You mean remote tables
, don't you?. If so, I agree on not exposing the type of table so the day we can know when a remote table was updated we won't need to change anything in Windshaft-CartoDB
.
You mean remote tables, don't you?. If so, I agree on not exposing the type of table so the day we can know when a remote table was updated we won't need to change anything in Windshaft-CartoDB.
Yes, but also local tables that aren't cartodbfyied. The current function returns NULL on those cases, so if you have a JOIN of a cartodbfied table and a non-cartodbfied one (no matter if local or remote) you just get the last update time of the first.
If instead of returning NOW() or NULL we returned a huge epoch into the future when a table isn't in the tablemetadata table (local or remote), we could detect that in Windshaft and set a low/5 minutes cache to avoid "my map is not refreshing" complains.
Yes, but also local tables that aren't cartodbfyied. The current function returns NULL on those cases
then probably when I saw some Last-updated
header with the epoch zero was because of a nasty conversion of NULL to a timestamp somewhere in the chain.

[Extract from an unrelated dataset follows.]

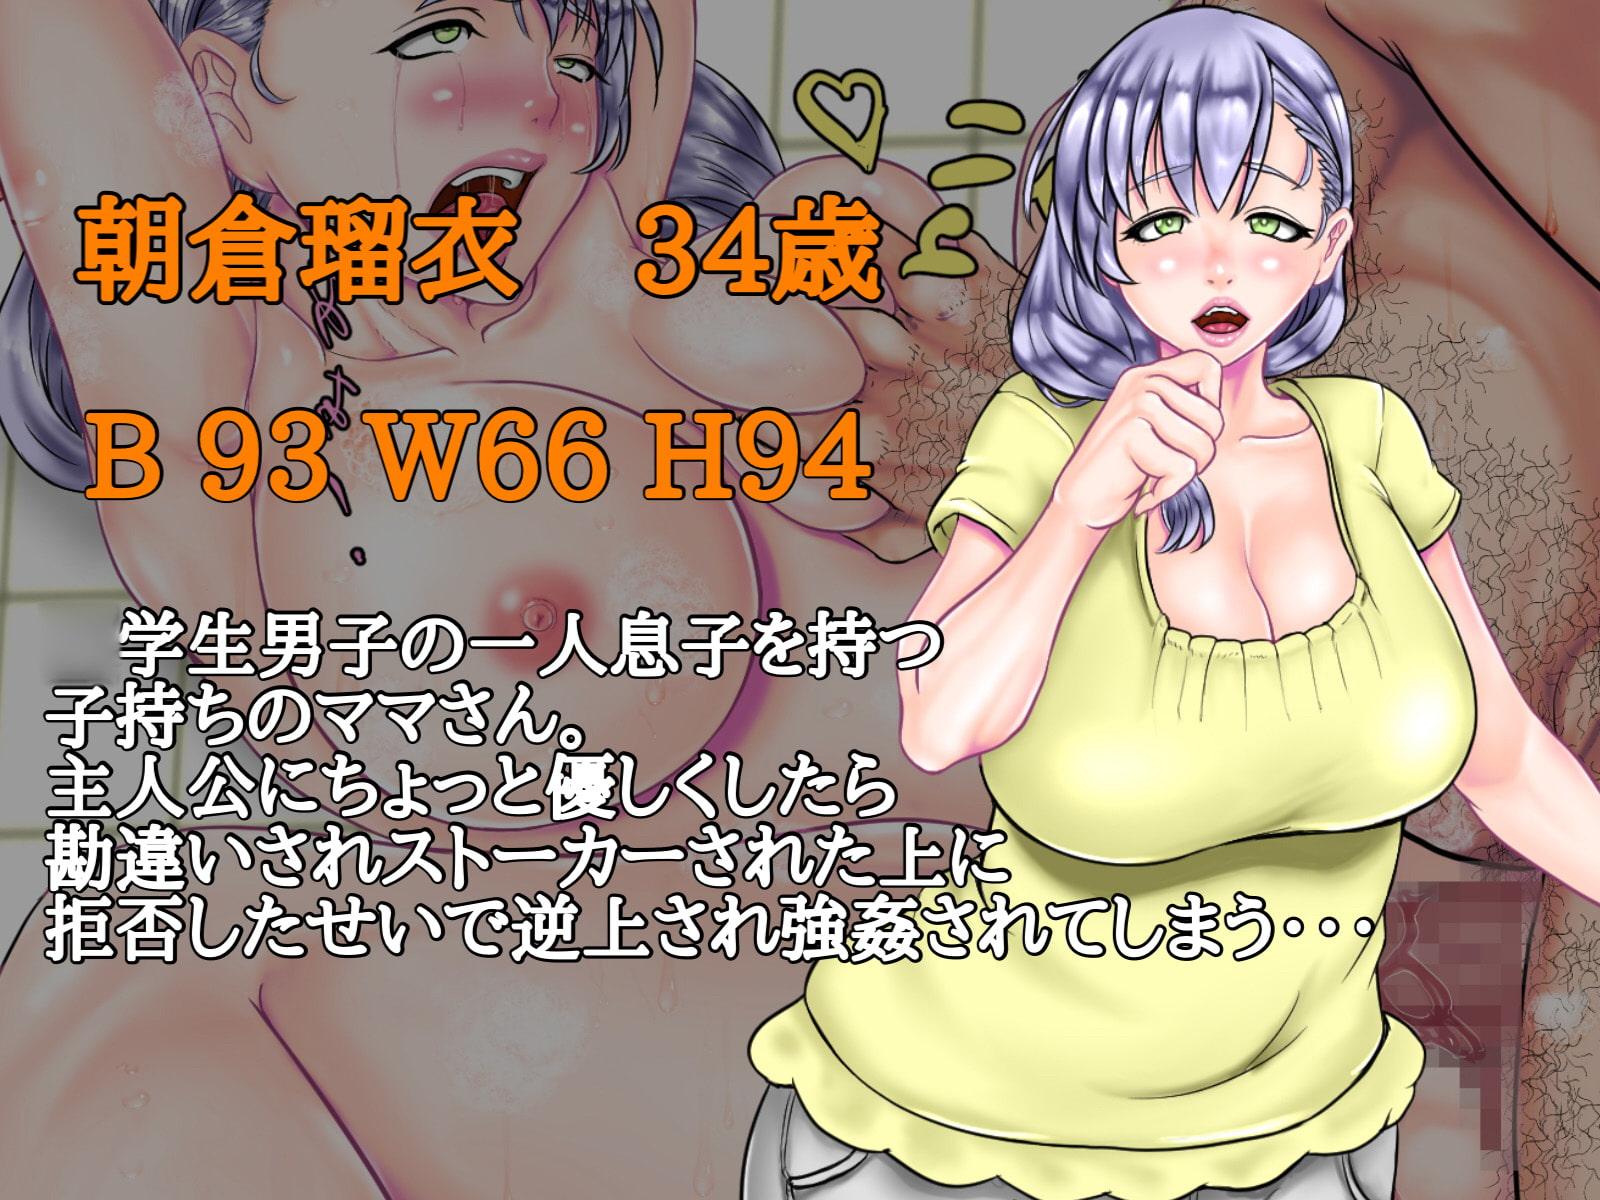 RJ319605 経産婦ママの股間の匂い 巨乳の子持ち人妻をキモオタ劣等遺伝子で孕むまで輪姦壮絶中出しレイプ [20210313]

Mind the interactions with varnish/cdn.
cc/ @jgoizueta to coordinate release and deploys
This may happen with non-carto DB's, when checking the updated_at times and not finding the corresponding remote.cdb_tablemetadata imported from the foreign non-carto DB.
Instead of failing, return a NOW() timestampt, so that caching logic just assumes there may have been changes.
This makes it work today, and leaves open the possibility of adding the required carto metadata for homogeneous caching in the future.
With this I can use the Maps API against a non-carto foreign table, without needing any other patches.